* **Collection entries**
=== Begin Enclosure ===

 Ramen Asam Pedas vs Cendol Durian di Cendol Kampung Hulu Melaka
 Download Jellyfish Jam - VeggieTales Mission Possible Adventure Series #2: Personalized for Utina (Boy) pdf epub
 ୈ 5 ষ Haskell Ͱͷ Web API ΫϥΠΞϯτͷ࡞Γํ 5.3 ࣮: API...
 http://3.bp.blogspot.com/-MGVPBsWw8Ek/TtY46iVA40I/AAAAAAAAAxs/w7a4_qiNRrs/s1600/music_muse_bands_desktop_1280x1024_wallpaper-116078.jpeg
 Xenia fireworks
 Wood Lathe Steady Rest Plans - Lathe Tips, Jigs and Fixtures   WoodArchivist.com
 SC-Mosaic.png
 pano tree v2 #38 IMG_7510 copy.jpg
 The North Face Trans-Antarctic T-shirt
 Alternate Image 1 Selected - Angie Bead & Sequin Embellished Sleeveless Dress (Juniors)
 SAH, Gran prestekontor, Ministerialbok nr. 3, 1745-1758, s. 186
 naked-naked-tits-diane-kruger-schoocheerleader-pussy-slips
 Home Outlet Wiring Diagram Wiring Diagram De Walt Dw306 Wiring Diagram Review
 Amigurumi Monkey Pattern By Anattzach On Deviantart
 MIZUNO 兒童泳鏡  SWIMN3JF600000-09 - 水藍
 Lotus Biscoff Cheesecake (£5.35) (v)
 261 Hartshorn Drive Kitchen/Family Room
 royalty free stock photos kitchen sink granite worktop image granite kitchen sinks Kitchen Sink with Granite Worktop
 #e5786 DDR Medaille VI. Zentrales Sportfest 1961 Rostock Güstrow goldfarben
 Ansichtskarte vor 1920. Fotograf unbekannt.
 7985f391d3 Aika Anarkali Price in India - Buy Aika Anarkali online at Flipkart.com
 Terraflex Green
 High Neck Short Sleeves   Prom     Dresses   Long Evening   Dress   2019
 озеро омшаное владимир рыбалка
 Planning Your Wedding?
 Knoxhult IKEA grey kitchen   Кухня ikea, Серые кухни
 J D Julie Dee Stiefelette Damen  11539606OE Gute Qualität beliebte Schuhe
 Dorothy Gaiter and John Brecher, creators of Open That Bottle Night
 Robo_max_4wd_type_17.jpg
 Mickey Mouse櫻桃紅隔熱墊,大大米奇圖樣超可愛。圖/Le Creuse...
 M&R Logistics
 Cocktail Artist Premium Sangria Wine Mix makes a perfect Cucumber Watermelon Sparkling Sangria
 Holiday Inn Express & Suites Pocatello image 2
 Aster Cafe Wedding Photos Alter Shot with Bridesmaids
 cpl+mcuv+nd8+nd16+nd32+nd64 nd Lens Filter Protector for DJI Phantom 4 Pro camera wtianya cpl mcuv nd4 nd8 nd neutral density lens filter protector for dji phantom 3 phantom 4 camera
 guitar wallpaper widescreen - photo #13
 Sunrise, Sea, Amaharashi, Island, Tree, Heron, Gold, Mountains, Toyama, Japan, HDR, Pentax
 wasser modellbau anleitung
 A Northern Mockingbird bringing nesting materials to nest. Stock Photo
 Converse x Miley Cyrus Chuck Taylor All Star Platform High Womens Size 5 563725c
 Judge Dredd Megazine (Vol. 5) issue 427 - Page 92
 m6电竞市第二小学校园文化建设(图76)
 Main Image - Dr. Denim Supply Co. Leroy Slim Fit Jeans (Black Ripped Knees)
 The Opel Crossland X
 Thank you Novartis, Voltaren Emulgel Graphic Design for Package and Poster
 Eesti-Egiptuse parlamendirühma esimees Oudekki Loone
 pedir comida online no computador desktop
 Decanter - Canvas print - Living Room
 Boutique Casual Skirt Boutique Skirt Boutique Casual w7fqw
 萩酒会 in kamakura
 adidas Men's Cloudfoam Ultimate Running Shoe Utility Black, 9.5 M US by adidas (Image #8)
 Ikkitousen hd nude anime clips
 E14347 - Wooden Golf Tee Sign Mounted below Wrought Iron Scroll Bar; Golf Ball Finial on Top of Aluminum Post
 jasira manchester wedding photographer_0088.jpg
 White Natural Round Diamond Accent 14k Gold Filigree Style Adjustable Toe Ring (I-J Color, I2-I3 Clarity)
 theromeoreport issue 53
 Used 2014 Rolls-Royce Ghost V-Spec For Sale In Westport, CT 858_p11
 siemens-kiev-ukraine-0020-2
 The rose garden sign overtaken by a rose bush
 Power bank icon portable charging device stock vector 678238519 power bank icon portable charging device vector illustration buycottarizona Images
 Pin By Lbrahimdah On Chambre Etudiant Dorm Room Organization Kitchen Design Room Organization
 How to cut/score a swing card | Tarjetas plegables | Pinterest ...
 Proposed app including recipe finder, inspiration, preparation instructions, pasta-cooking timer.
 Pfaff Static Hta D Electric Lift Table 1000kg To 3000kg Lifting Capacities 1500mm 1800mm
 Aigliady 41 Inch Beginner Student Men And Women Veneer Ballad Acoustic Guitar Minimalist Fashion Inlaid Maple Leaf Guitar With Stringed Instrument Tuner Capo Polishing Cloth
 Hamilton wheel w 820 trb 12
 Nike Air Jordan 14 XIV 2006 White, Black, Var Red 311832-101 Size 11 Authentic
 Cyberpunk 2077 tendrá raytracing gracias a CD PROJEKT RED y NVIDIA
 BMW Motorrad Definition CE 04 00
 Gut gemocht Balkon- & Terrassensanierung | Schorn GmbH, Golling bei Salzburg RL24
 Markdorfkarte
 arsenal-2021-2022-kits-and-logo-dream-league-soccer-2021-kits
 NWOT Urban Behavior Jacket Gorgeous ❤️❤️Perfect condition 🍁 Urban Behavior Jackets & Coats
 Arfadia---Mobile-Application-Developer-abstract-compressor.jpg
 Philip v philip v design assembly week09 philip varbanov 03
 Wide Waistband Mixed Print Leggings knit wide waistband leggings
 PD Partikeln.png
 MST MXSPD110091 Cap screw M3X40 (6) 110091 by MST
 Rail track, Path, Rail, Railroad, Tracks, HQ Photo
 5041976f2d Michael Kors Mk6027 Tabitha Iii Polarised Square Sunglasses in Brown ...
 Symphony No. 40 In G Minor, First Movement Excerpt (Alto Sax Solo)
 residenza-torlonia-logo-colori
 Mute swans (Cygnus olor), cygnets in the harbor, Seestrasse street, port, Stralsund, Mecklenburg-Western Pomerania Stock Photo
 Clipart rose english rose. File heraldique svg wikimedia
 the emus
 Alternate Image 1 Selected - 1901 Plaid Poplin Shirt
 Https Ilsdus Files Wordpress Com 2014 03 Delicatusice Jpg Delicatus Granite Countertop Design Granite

=== End Enclosure ===

* **Task goal**
Give back exactly the lines running from the line that has "Arfadia---Mobile-Application-Developer-abstract-compressor.jpg" to the end of the entries above.

* **Response to this task**
 Arfadia---Mobile-Application-Developer-abstract-compressor.jpg
 Philip v philip v design assembly week09 philip varbanov 03
 Wide Waistband Mixed Print Leggings knit wide waistband leggings
 PD Partikeln.png
 MST MXSPD110091 Cap screw M3X40 (6) 110091 by MST
 Rail track, Path, Rail, Railroad, Tracks, HQ Photo
 5041976f2d Michael Kors Mk6027 Tabitha Iii Polarised Square Sunglasses in Brown ...
 Symphony No. 40 In G Minor, First Movement Excerpt (Alto Sax Solo)
 residenza-torlonia-logo-colori
 Mute swans (Cygnus olor), cygnets in the harbor, Seestrasse street, port, Stralsund, Mecklenburg-Western Pomerania Stock Photo
 Clipart rose english rose. File heraldique svg wikimedia
 the emus
 Alternate Image 1 Selected - 1901 Plaid Poplin Shirt
 Https Ilsdus Files Wordpress Com 2014 03 Delicatusice Jpg Delicatus Granite Countertop Design Granite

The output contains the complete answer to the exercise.